2. Motifs: description and construction

Motifs describe in different ways conserved regions in alignments. There are several ways of describing motifs but all of them are related with either regular expressions, profiles of HMMs.

2.1. Regular expressions

Let us assume that we have a partial alignment of three sequences around an active site residue (in this example an histidine whose position is marked with an asterisk) as shown below:

                    *
             ALRDFATHDDF
             SMTAEATHDSI
             ECDQAATHEAS

Here we would start scanning with a core pattern with the sequence A-T-H- [D or E] (this pattern is small and would probably pick up too many false positive results).
Patterns are described using the following conventions:

The standard IUPAC one-letter codes for the amino acids are used.
The symbol `x' is used for a position where any amino acid is accepted.
Ambiguities are indicated by listing the acceptable amino acids for a given position, between square parentheses `[ ]'. For example: [ALT] stands for Ala or Leu or Thr.
Ambiguities are also indicated by listing between a pair of curly brackets `{ }' the amino acids that are not accepted at a given position. For example: {AM} stands for any amino acid except Ala and Met.
Each element in a pattern is separated from its neighbor by a `-'.
Repetition of an element of the pattern can be indicated by following that element with a numerical value or a numerical range between parenthesis. Examples: x(3) corresponds to x-x-x, x(2,4) corresponds to x-x or x-x-x or x-x-x-x.
When a pattern is restricted to either the N- or C-terminal of a sequence, that pattern either starts with a `<' symbol or respectively ends with a `>' symbol.
A period ends the pattern.

Examples:

PA [AC]-x-V-x(4)-{ED}.

This pattern is translated as: [Ala or Cys]-any-Val-any-any-any-any-{any but Glu or Asp}

PA <A-x-[ST](2)-x(0,1)-V.

This pattern, which must be in the N-terminal of the sequence (`<'), is translated as: Ala-any-[Ser or Thr]-[Ser or Thr]-(any or none)-Val

Construction.

The first and most important criterion used in PROSITE is that a good signature pattern must be as short as possible, should detect all or most of the sequences it is designed to describe and should not give too many false positive results. In other words it must exhibit both high sensitivity and high specificity.
A number of the patterns described in PROSITE have been published. PROSITE developpers have tested those patterns on the SWISS-PROT data bank to see if the signature pattern was still specific to the group of family of proteins since the paper was published. If this was the case PROSITE uses the published pattern as such, otherwise they updated the pattern using methods similar to those used to develop a new pattern and which are described in the following sub-section.

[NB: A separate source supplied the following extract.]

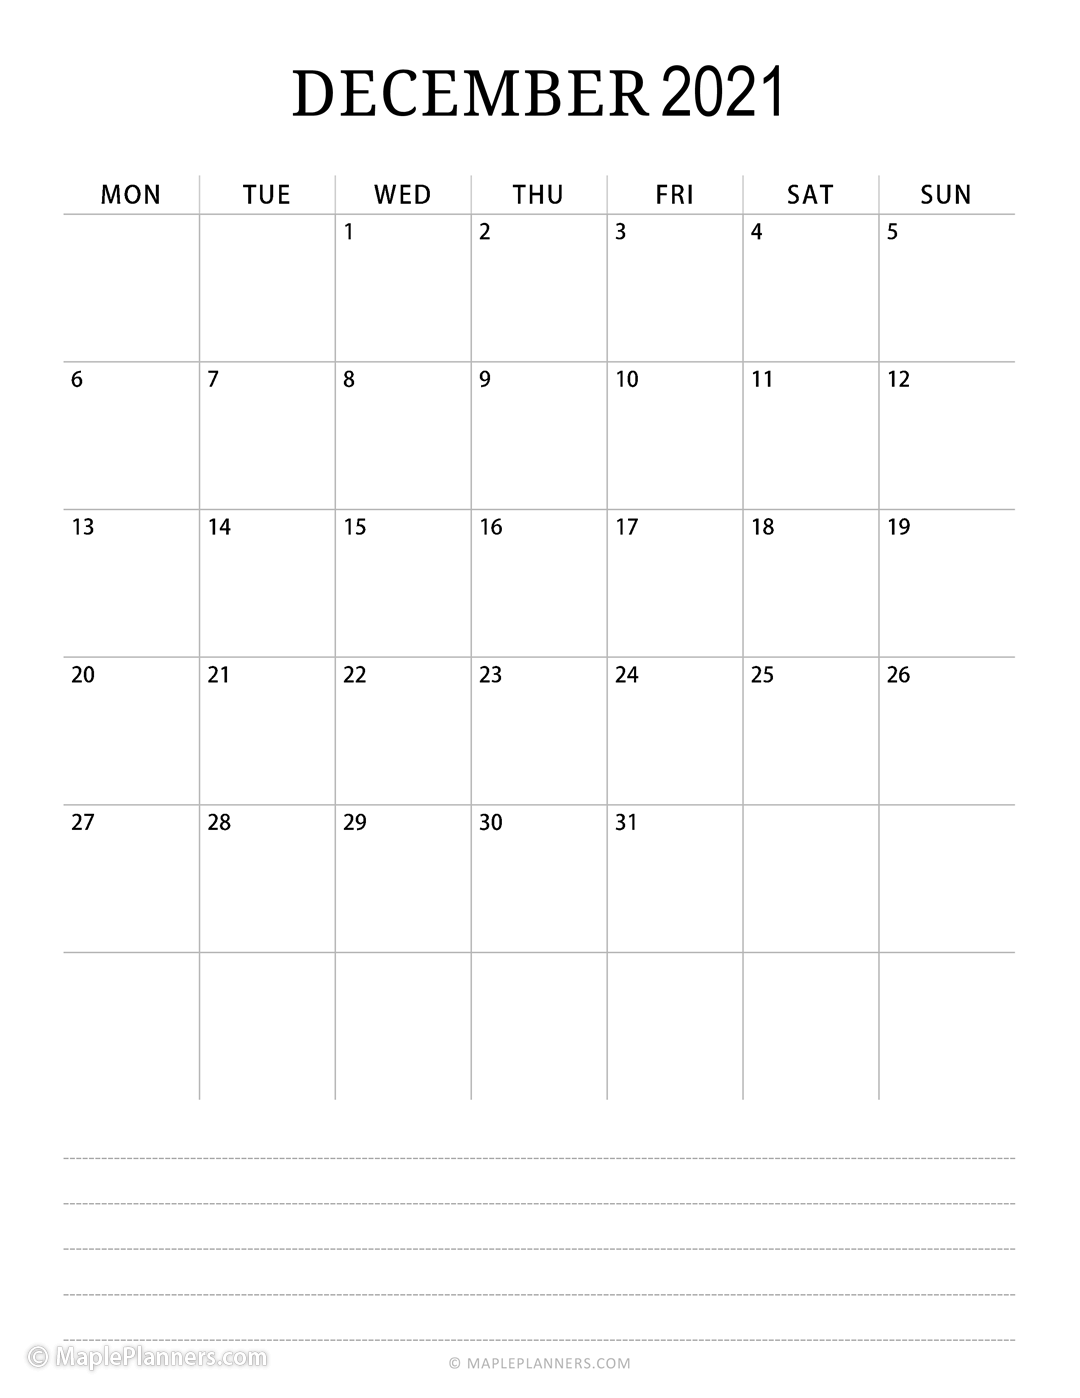 December 2021 Monthly Calendar Vertical Layout

The creation of a new pattern generally start by studying review(s) on a group or family of proteins. An alignment table of the proteins discussed in that review is built. If necessary new published sequences relevant to the subject under consideration are added to this table . Using such alignment tables, particular attention is payed to the residues and regions thought or proved to be important to the biological function of that group of proteins. These biologically significant regions or residues are generally:

Enzyme catalytic sites.
Prostethic group attachment sites (heme, pyridoxal-phosphate, biotin, etc).
Amino acids involved in binding a metal ion.
Cysteines involved in disulfide bonds.
Regions involved in binding a molecule (ADP/ATP, GDP/GTP, calcium, DNA, etc.) or another protein.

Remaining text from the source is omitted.